Update: This version of XRegExp is outdated. See XRegExp.com for the latest, greatest version.

Mastering Regular Expressions, 3rd Edition

After reading positive reviews about the second edition it since I started using regular expressions a little over a year ago, I finally purchased O'Reilly Media's Mastering Regular Expressions by Jeffrey E. F. Friedl, since I discovered that a third edition came out in August 2006. The book arrived today, and it is indeed pretty damn excellent (I'm as excited about it as I can be about a tech book, anyway). I've only spent a few minutes with it so far, but I can see that it is very well presented and demonstrates some cool techniques. Hopefully I'll post about some nifty things I learn over the next few weeks, if I get a chance to actually sit down and read through a significant portion of the book.

Mimicking Conditionals

Excited by the fact that I can mimic atomic groups when using most regex libraries which don't support them, I set my sights on another of my most wanted features which is commonly lacking: conditionals (which provide an if-then-else construct). Of the regex libraries I'm familiar with, conditionals are only supported by .NET, Perl, PCRE (and hence, PHP's preg functions), and JGsoft products (including RegexBuddy).

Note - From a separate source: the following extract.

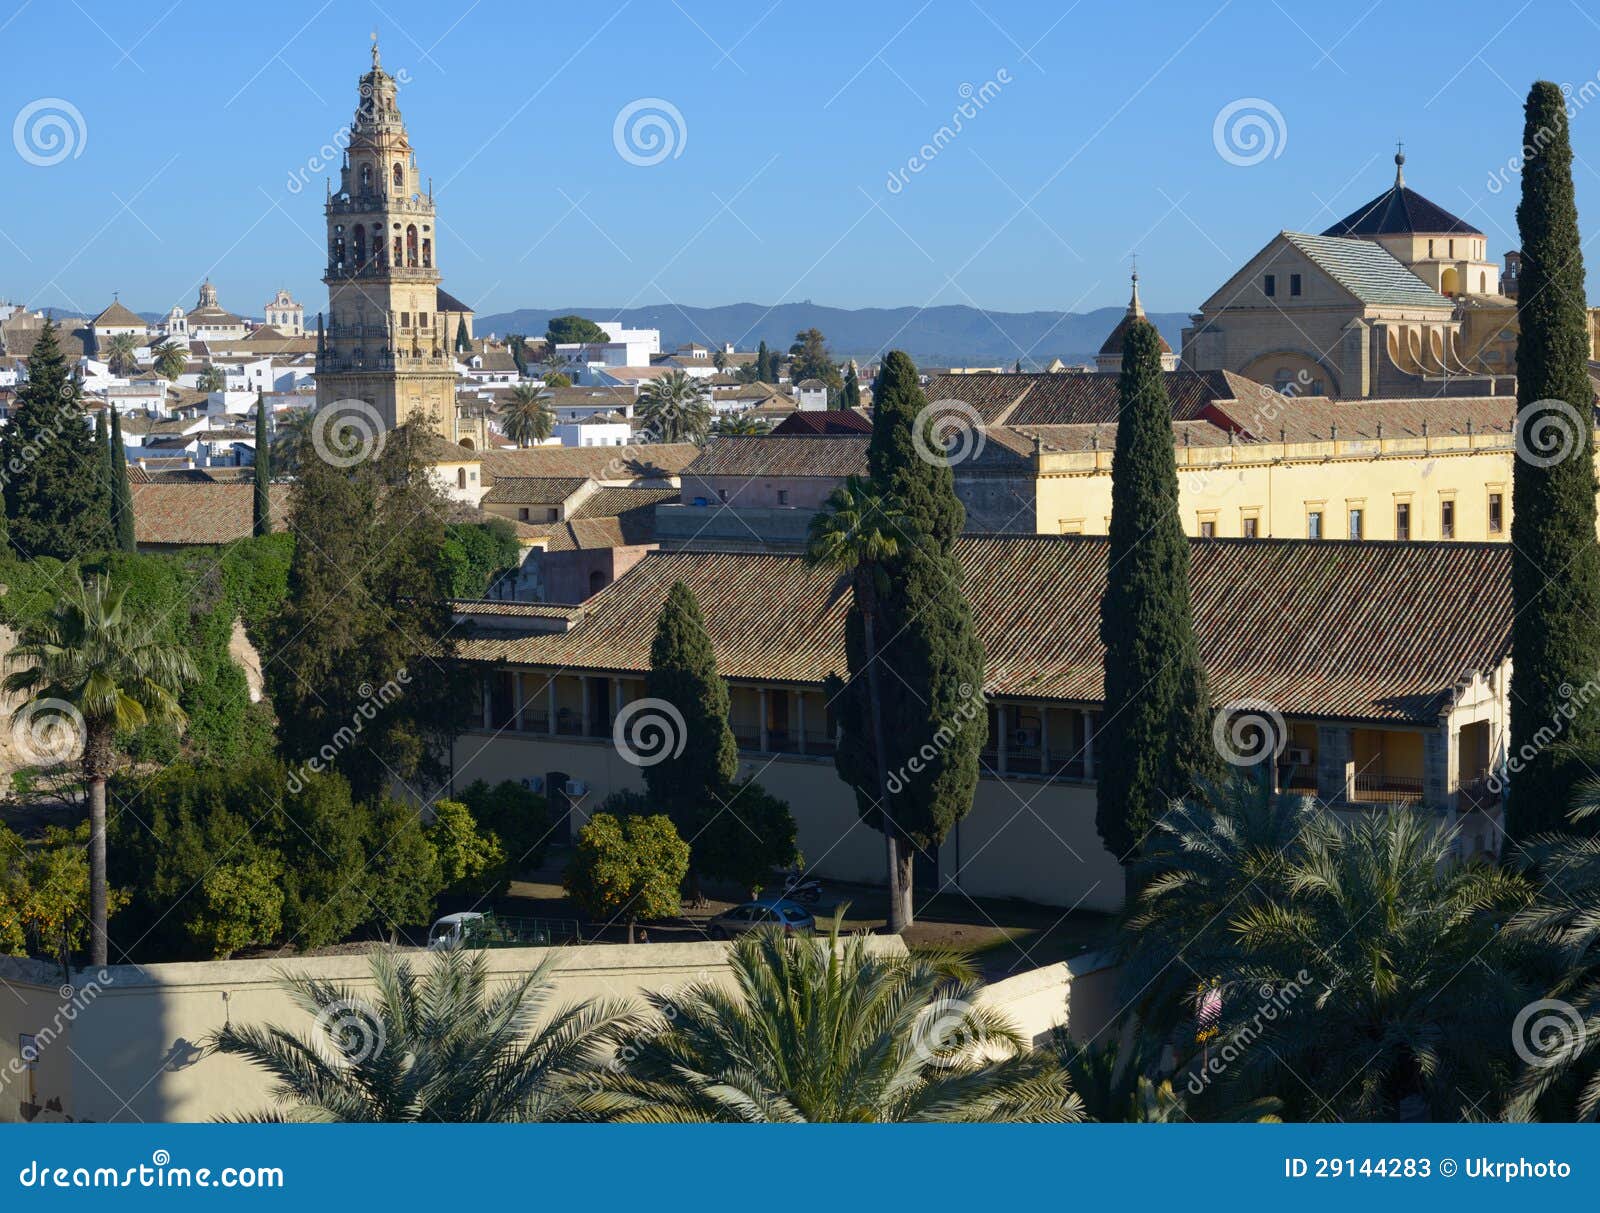 view to mezquita cathedral in cordoba, spain
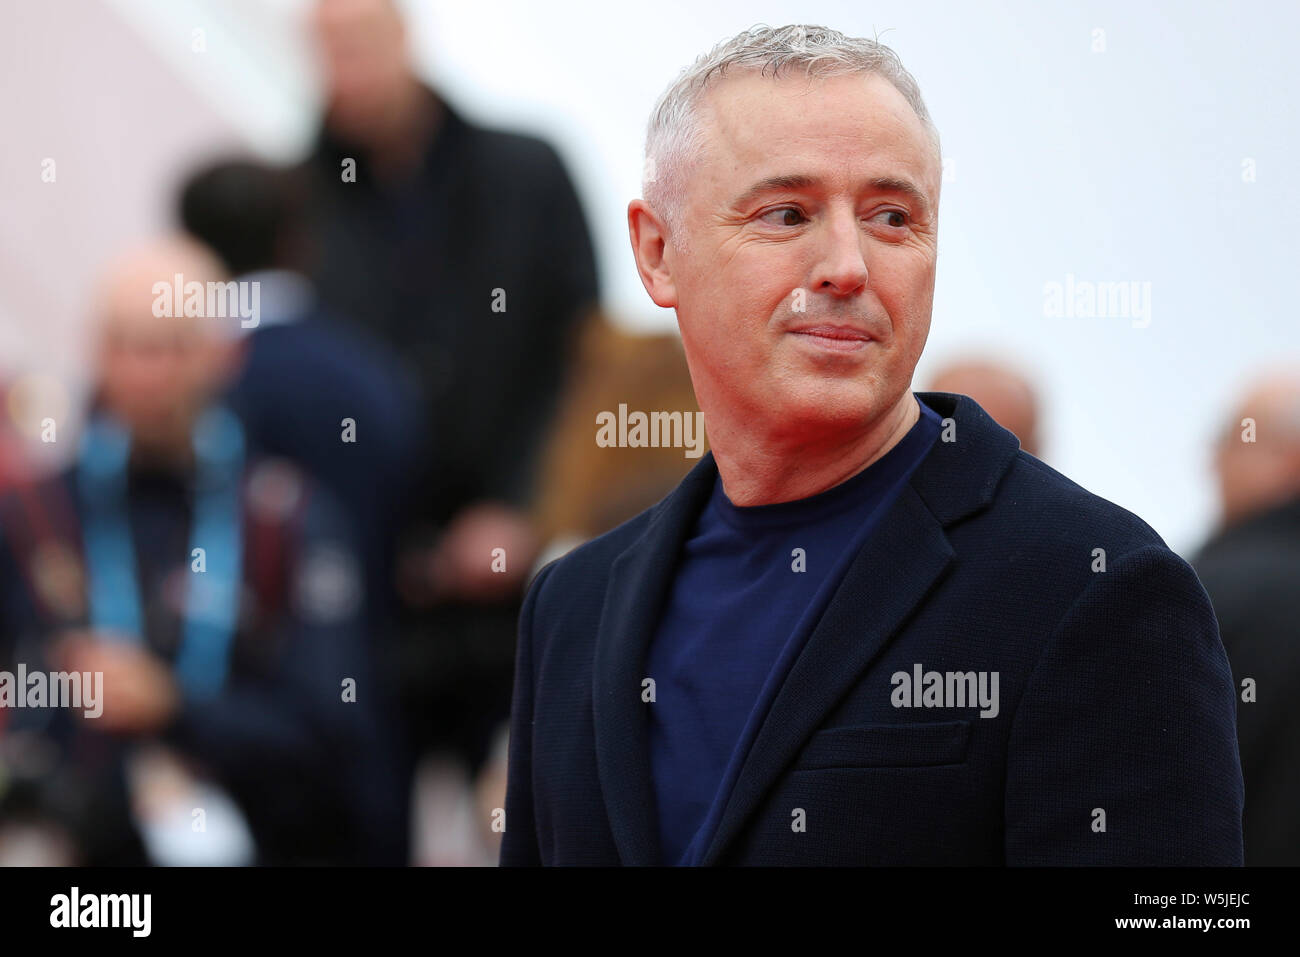 CANNES, FRANCE - MAY 18: Robin Campillo attends The Wild Goose Lake screening during the 72nd Cannes Film Festival (Mickael Chavet) Stock Photo

There are two common types of regex conditionals in those libraries: capturing-group-based and lookaround-based. I'll get to the latter type in a bit, but first I'll address capturing-group-based conditionals, which are able to base logic on whether a capturing group has participated in the match so far. Here's an example:

(a)?b(?(1)c|d)

That matches only "bd" and "abc". The pattern can be expressed as follows:

(if_matched)?inner_pattern(?(1)then|else)

Here's a comparable pattern I created which doesn't require support for conditionals:

(?=(a)()|())\1?b(?:\2c|\3d)

Note that to use it without an "else" part, you still need to include the second empty backreference (in this case, \3) at the end, like this:

(?=(a)()|())\1?b(?:\2c|\3)

As a brief explanation of how that works, there's a zero-length alternation option within the lookahead at the beginning which is used to cancel the effect of the lookahead, while at the same time, the intentionally empty capturing groups within the lookahead are exploited to base the then/else part on which option in the lookahead matched. However, there are a couple issues:

This doesn't work with some regex engines, due to how they handle backreferences for non-participating capturing groups.
It interacts with backtracking differently than a real conditional (the "a" part is treated as if it were within an optional, atomic group, e.g., (?>(a))? instead of (a)?), so it might be better to think of this as a new operator which is similar to a conditional.

Here are the regex engines I've briefly tested this pattern with:

Language	Supports fake cond.	Supports real cond.	Notes
.NET	Yes	Yes	Tested using Expresso.
ColdFusion	Yes	No	Tested using ColdFusion MX7.
Java	Yes	No	Tested using Regular Expression Test Applet.
JavaScript	No	No	According to ECMA-262v3, backreferences to non-participating capturing groups always succeed, and most browsers respect that. Unfortunately, this pattern depends on the way most other regex engines handle such groups.
JGsoft	Yes	Yes	(Edit:) Works as of RegexBuddy version 2.4.0. Previous versions contained two bugs (which I reported to JGsoft) which prevented this from working reliably.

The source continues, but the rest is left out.